In the early days of the market it was conceivable that a de-facto standard might emerge around the HP DeskJet cartridge, but that didn't happen. Cartridge designs are proprietary, with both copyright and patent protection; other manufactuers don't have a right to simply copy them. 

Generic or "aftermarket" cartridges are new cartridges made to fit a printer, ideally without breaching the manufacturers copyright or patents.  Which? recommended that people respond to high prices by buying generic cartridges, which are often half the price of manufacturer branded product.

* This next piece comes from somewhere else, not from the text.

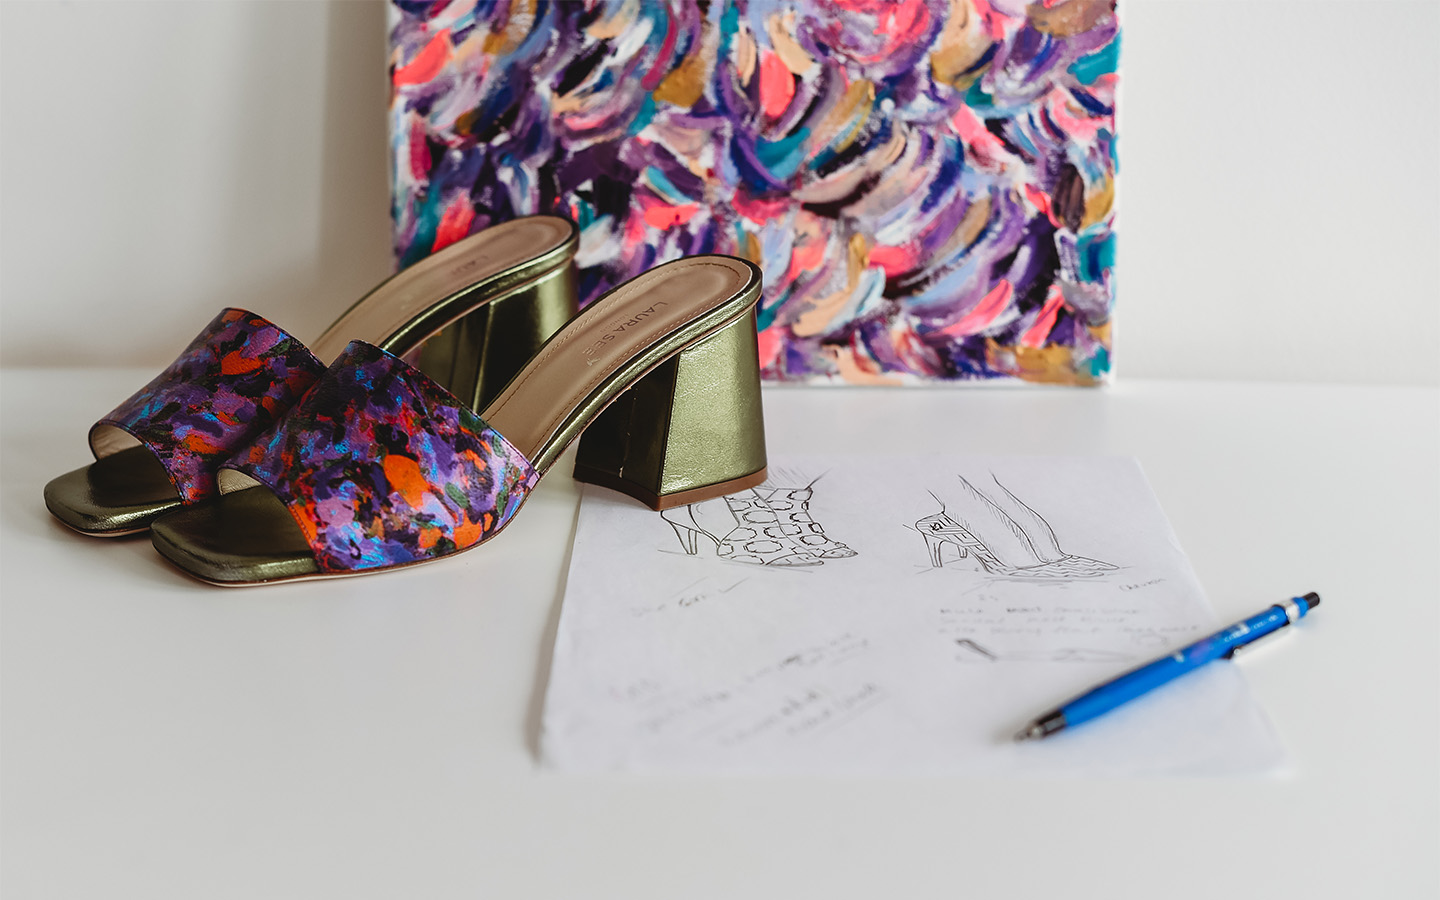 Each Laura See shoe features the brand's signature flash of artwork and a gold hummingbird on the sole

Brandname and generic cartridge manufacturers are engaged in a legalistic war of attrition over what is and is not a legitimate product 

HP won a case for patent infringement against International United Technology in 2000 and Microjet Technology of Taiwan and several US esellers in 2002

HP has had a bit of tussle with Pelikan of Germany, winning a patent infringement case against them in 2007 and then bringing another case in 2008 where Pelikan were selling new cartridges as remanufactured.  Manufacturers selling new product as recycled should be funny. HP had previously brought a case against Rhinotek of California for falsely advertising its products as new.

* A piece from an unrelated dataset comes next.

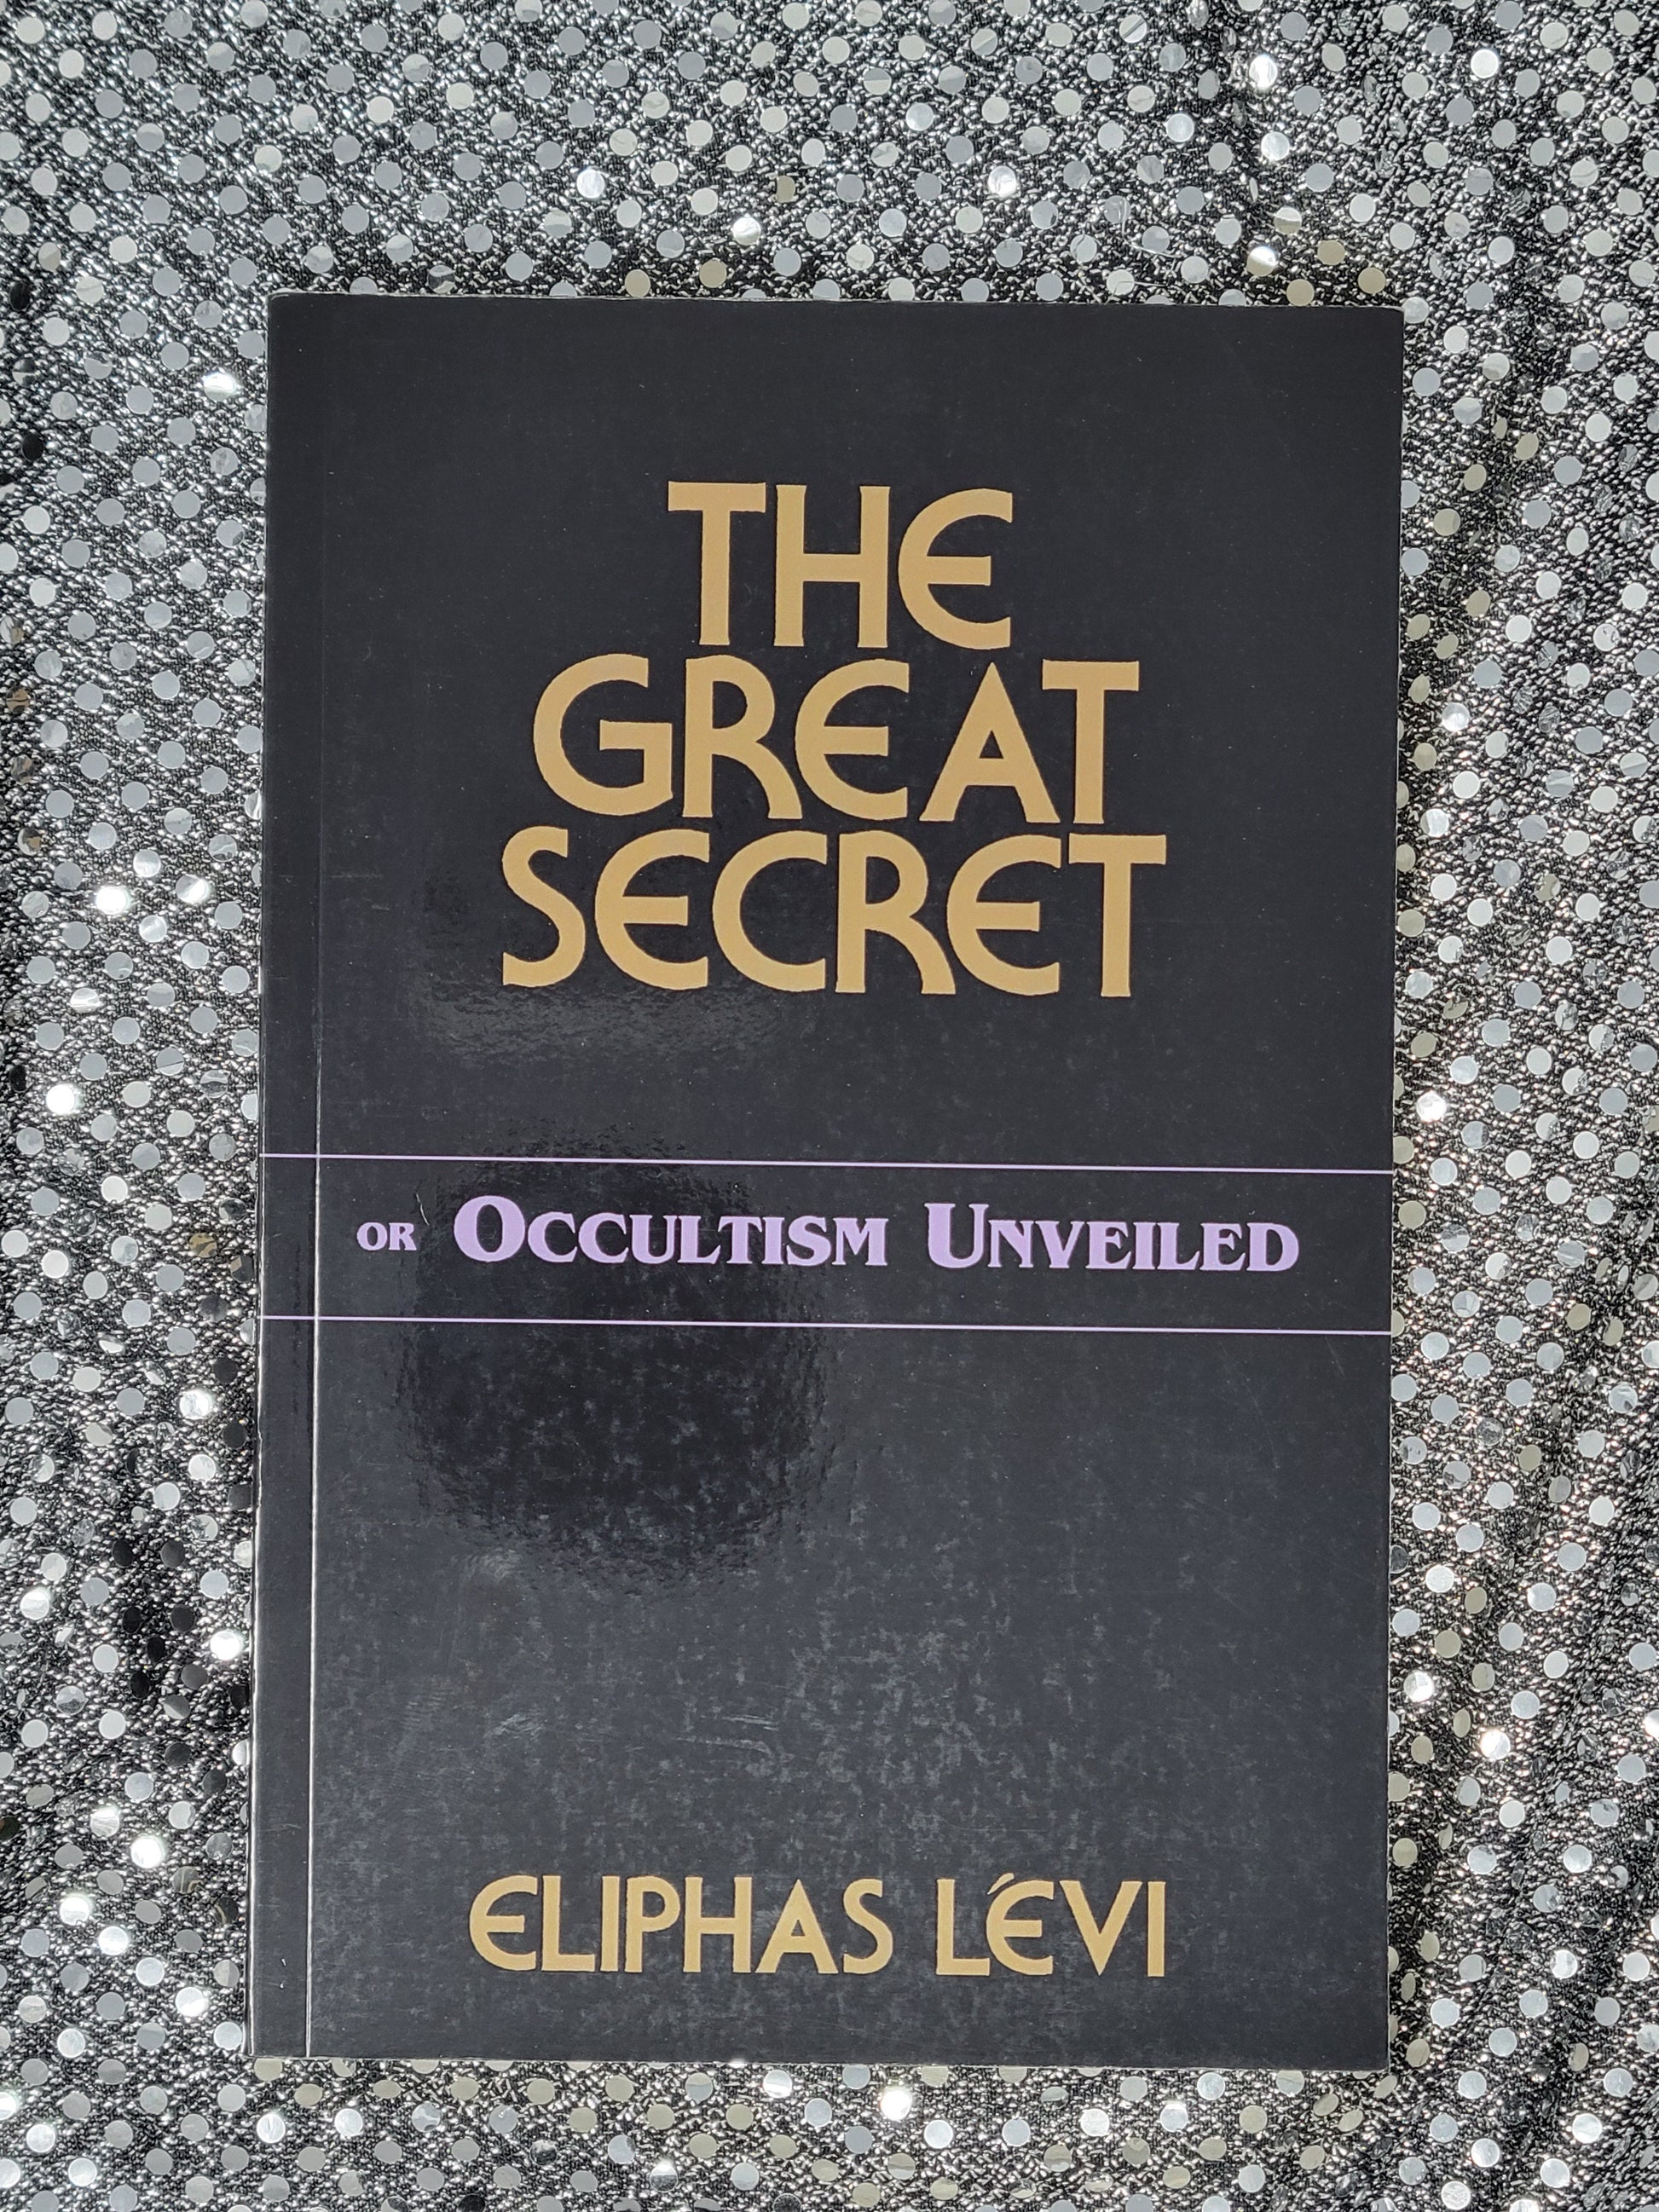 The Great Secret: Or Occultism Unveiled - Eliphas Levi

Epson won a court case in Oregon, US against Multi-Union Trading, a Hong Kong company that operates under the PrintRite and Dynamic brands and also makes cartridges for supermarkets,  In the settlement 75 of Multi-Union's cartridge models were found to infringe 30 Epson patents. (Arcor )

The US International Trade Commission (ITC) has been enforcing a General Exclusion Order against a variety of cartridges that infringe Epson patents from January 2008. China's NineStar Technology, Town Sky Inc and Mipo International. This case raised some interesting issues, for instance the idea that legitimate refills must only be of cartridges sold by Epson in the US - not imports - and that cartridges can only be repaired, not completely reconstructed. Epson also took court action against several online retailers

HP had issues with NineStar as well, filing complaints in the US ITC in 2006 and resolving them in March 2007 and further in March 2009 when NineStar admitted the infringement and withdrew the products.

Being a bit innovative is no protection. Seiko Epson were successful in a case in Taiwan against U-Bar International. U-Bar made a Continuous Ink Supply System which could be retrofitted to Epson printers allowing the heads to be fed from external bottles of ink. The court ruled that U-Bar's device infringed Epson's patents. 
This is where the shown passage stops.